§ DATA SEGMENT

= = =

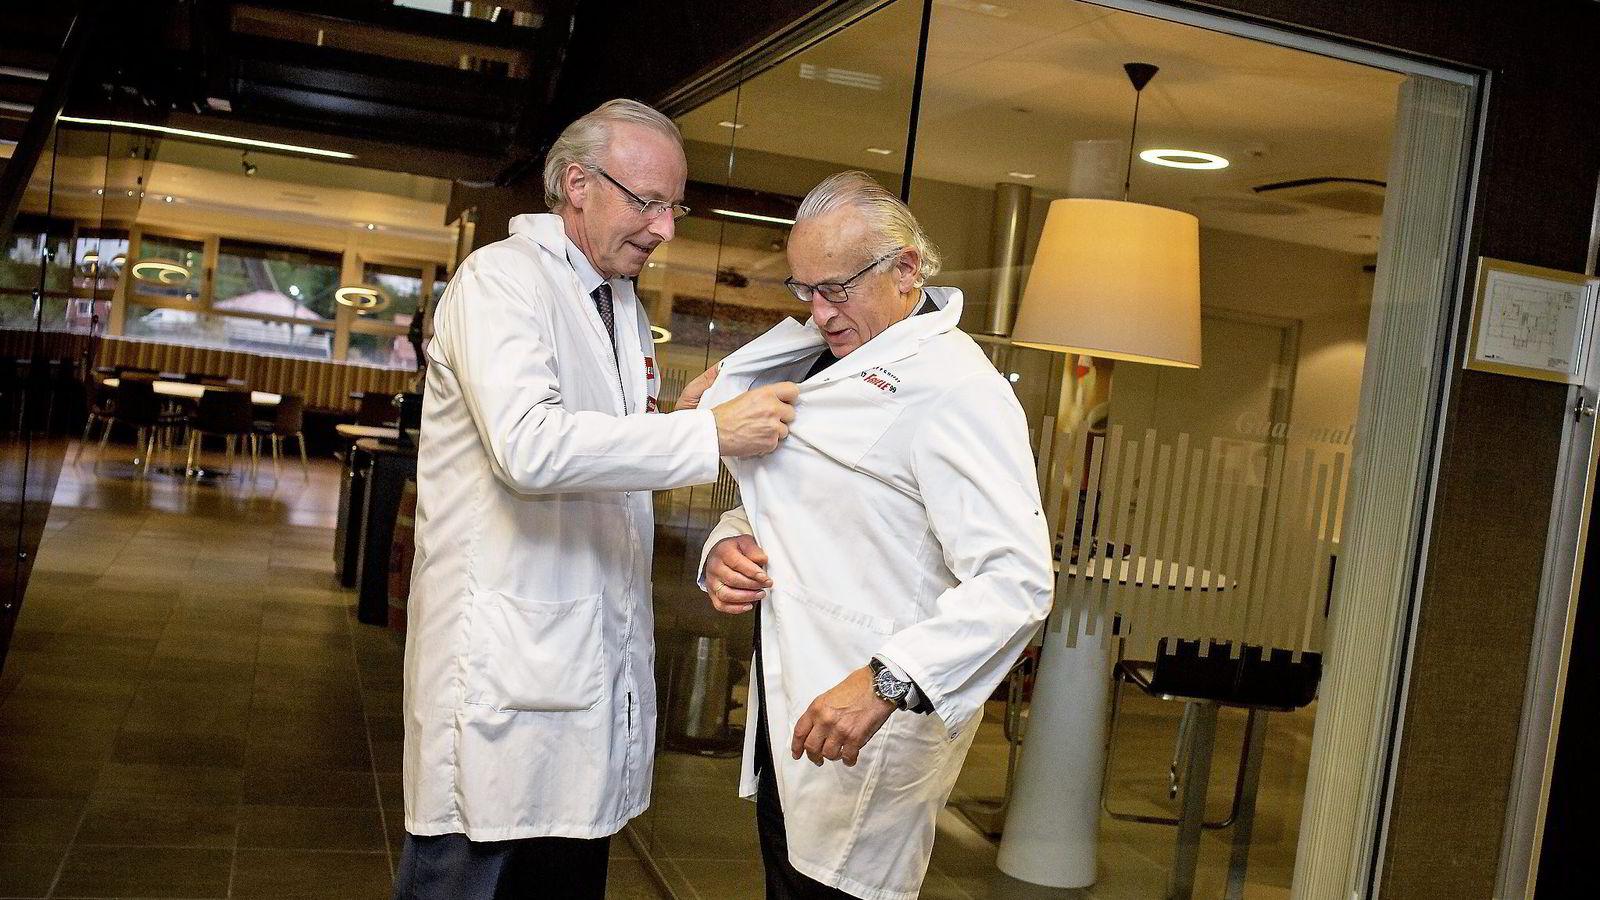 Ifjor solgte Herman Friele (til høyre) størsteparten av familiebedriften til hollandske D.E. Master Blenders. Her er han sammen med Olav Munch, administrerende direktør i Kaffehuset Friele.                Foto:
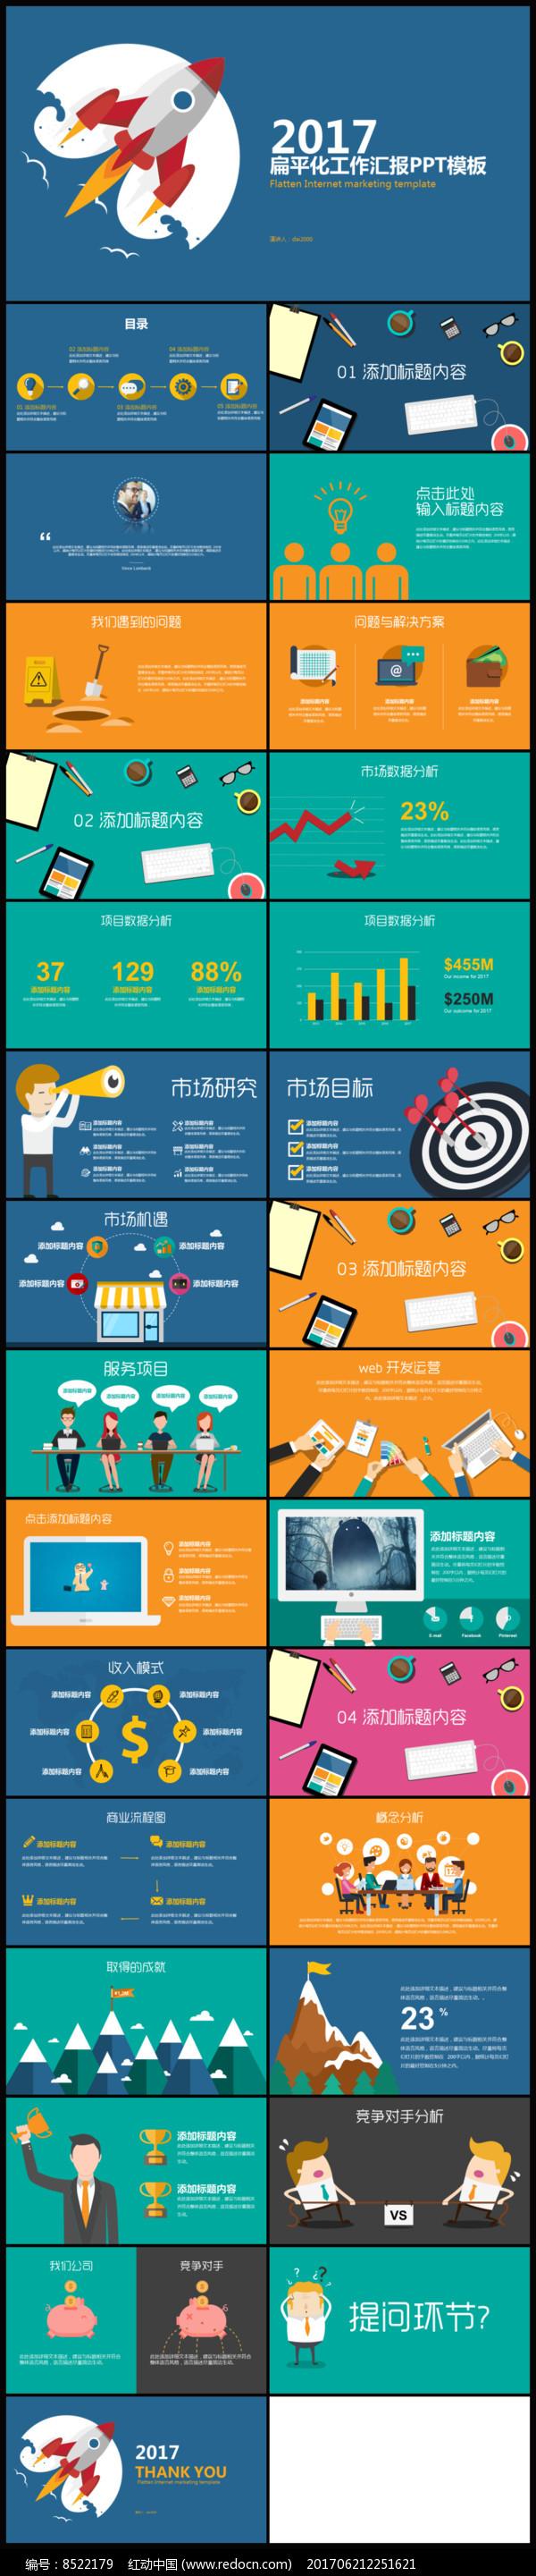 扁平化企业产品发布PPT模板图片
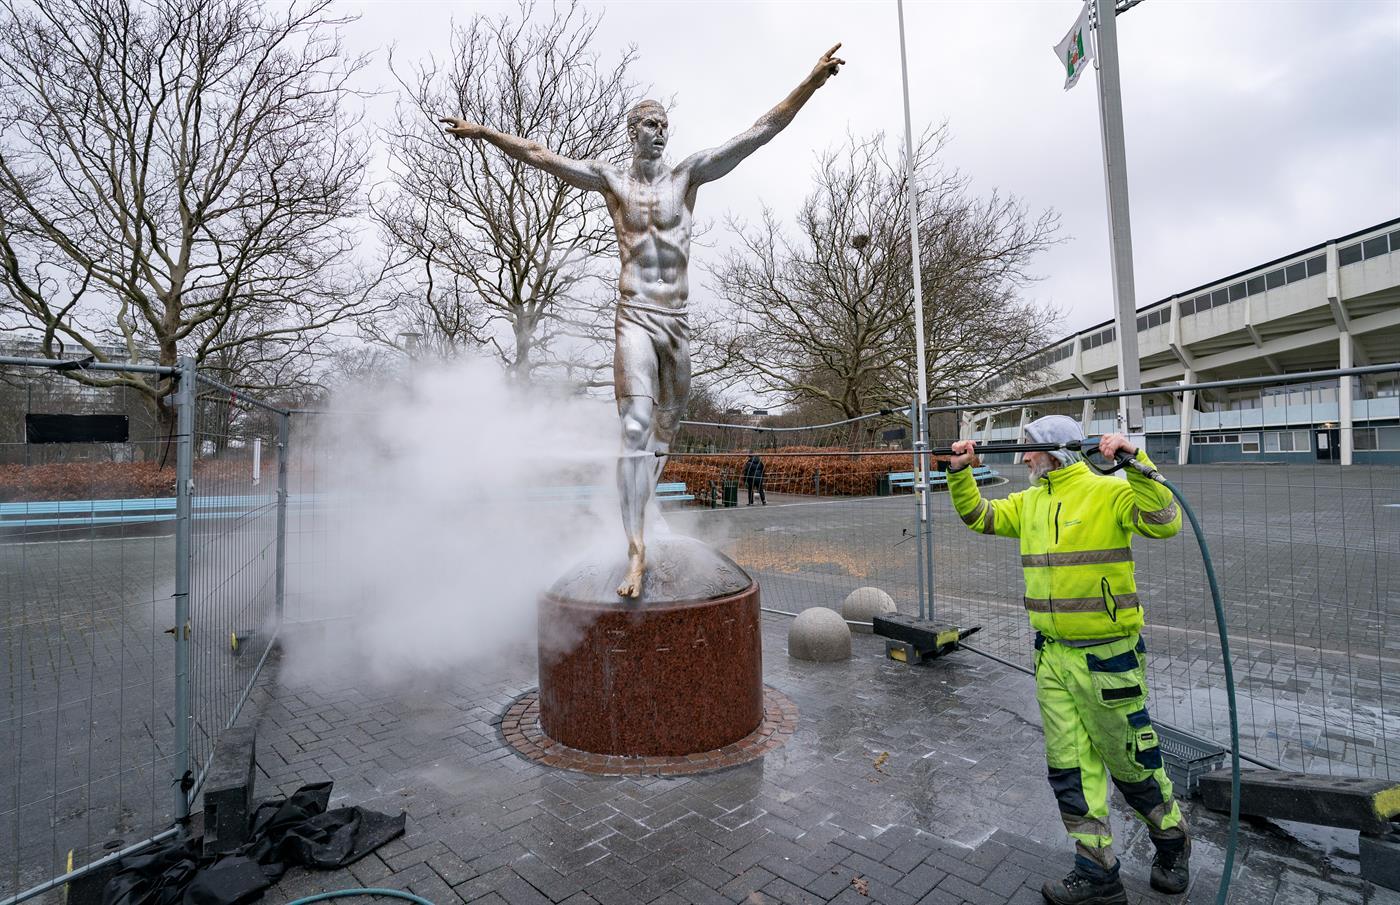 Continua a saga em torno da estátua de Ibrahimovic: agora foi o nariz
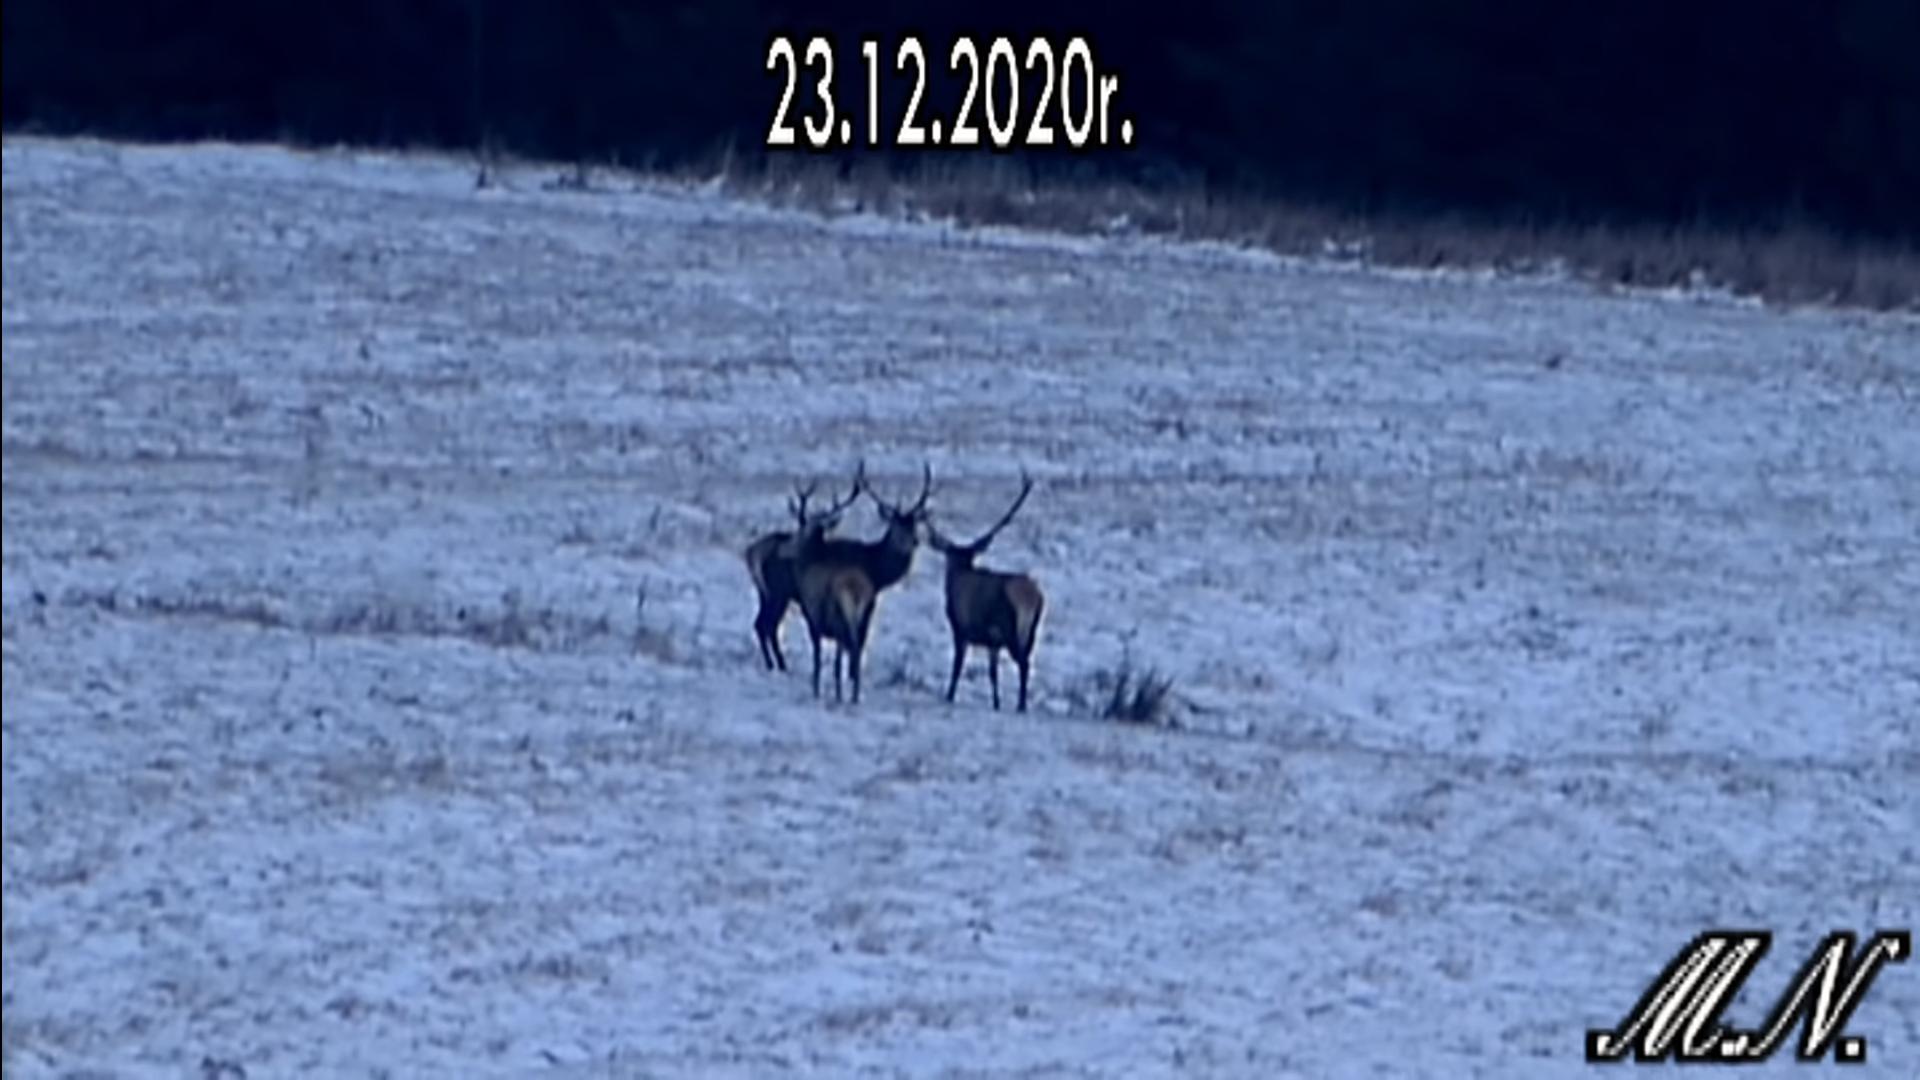 Spotkanie jeleni w Bieszczadach [VIDEO] - Zdjęcie główne

= = =

§ TASK
Transcribe exactly the span of lines from the line holding "扁平化企业产品发布PPT模板图片" through the last line above, both included. Pictures stay out.

§ RESULT OF THIS TASK
 扁平化企业产品发布PPT模板图片
 Continua a saga em torno da estátua de Ibrahimovic: agora foi o nariz
 Spotkanie jeleni w Bieszczadach [VIDEO] - Zdjęcie główne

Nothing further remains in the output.